Corey Ganim: Mm-hmm.

Leon: into something that React or Next.js can understand. And it follows best practices. So I am just going to open up a new terminal. Oops, I'm just going to reset command now.

Corey Ganim: Right.

Leon: This is optional by the way. So if this is a little bit confusing, don't stress about it. I'm sure that Claude will still do a really good job. But this is so easy to set up that, you know, it's just the single command that you run. We'll install it.

Corey Ganim: Yeah, it's like, why not do it, especially if it's just a copy and paste.

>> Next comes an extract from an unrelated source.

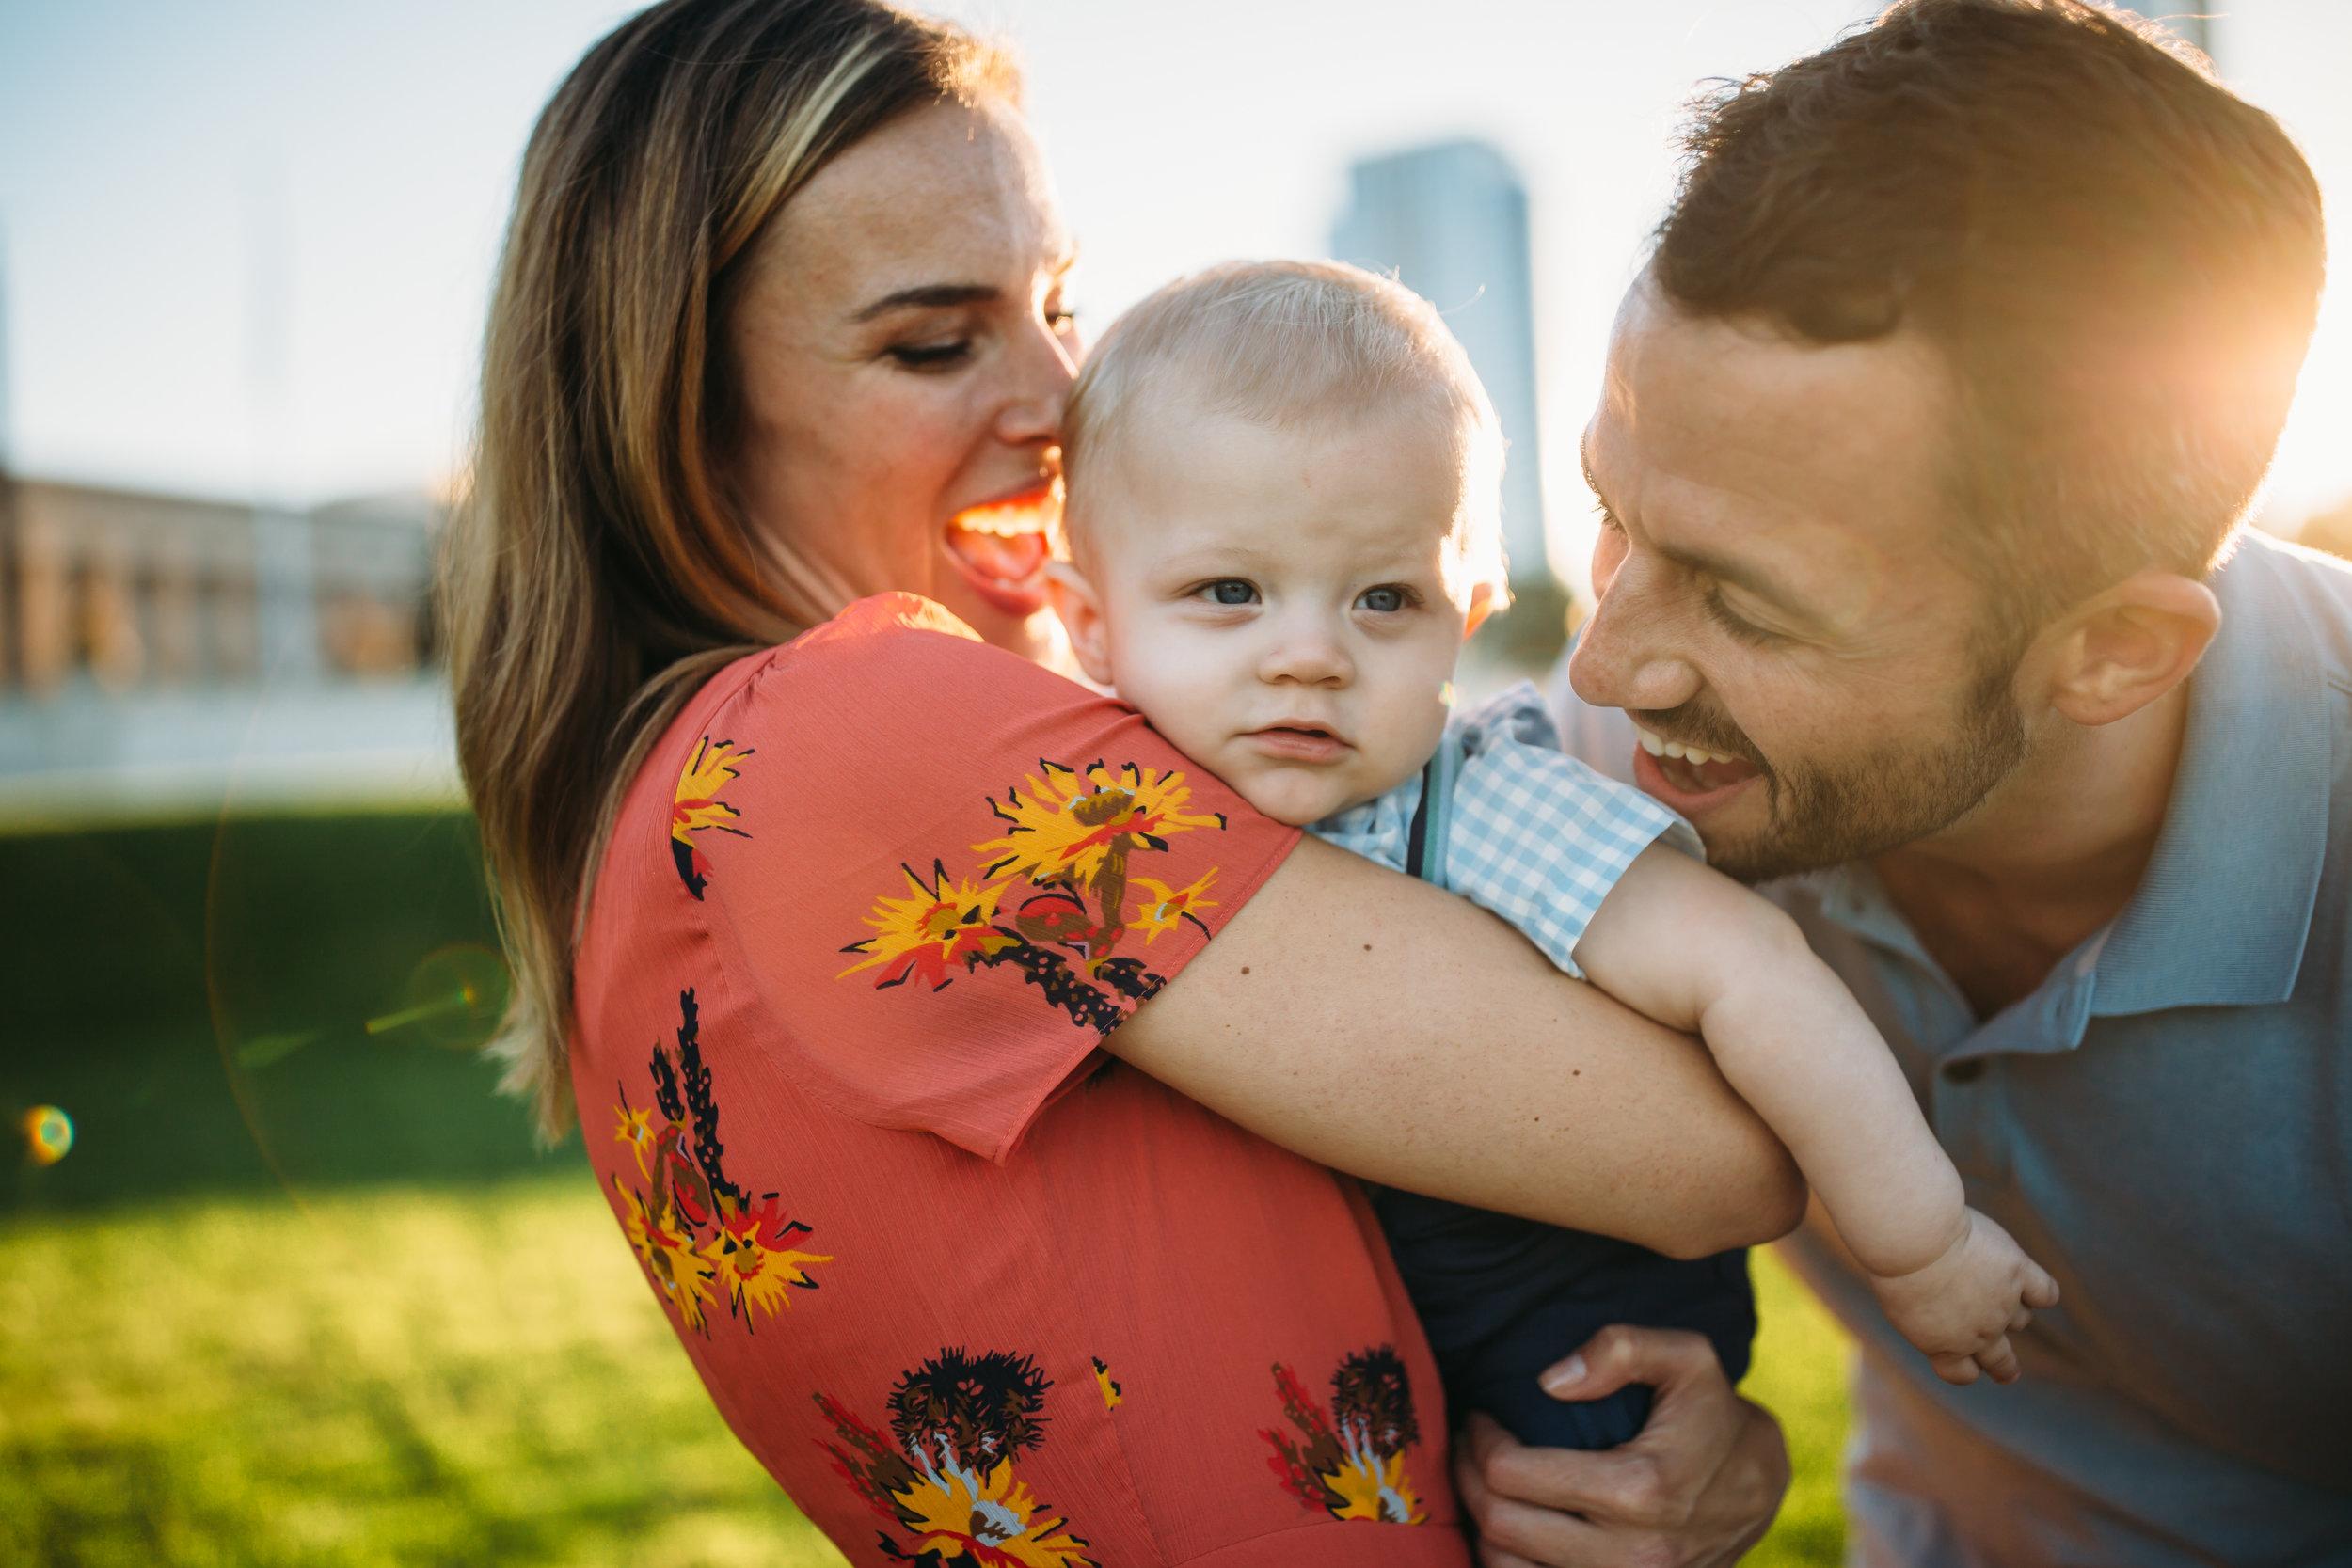 family photos denver  Family photos in the city, family photography Chicago, fun family photos, relaxed family photos,  Real family photos, family photographer

Leon: Exactly, you know, let's install it. So this installed this new skill in the Claude folder. And now... I am just going to restart Claude just to make sure that skill takes effect. Then I'm going to run our prompt again. And Claude should be smart enough to actually use the skill and use the MCP server to download everything it needs to understand how to recreate that landing page. And we are still in false mode, so this should be interesting.

Corey Ganim: Yep, so we see it did call that skill React components.

Leon: There we go. So it's pulled in the skill. And while that's cooking, I can actually show you what that skill kind of looks like. it's got a combination of scripts. It's got resources, examples. It's really got everything that the gold standard card, it's really got everything it needs to explain to the agent how to recreate these pages from the skill, from the stitch designs.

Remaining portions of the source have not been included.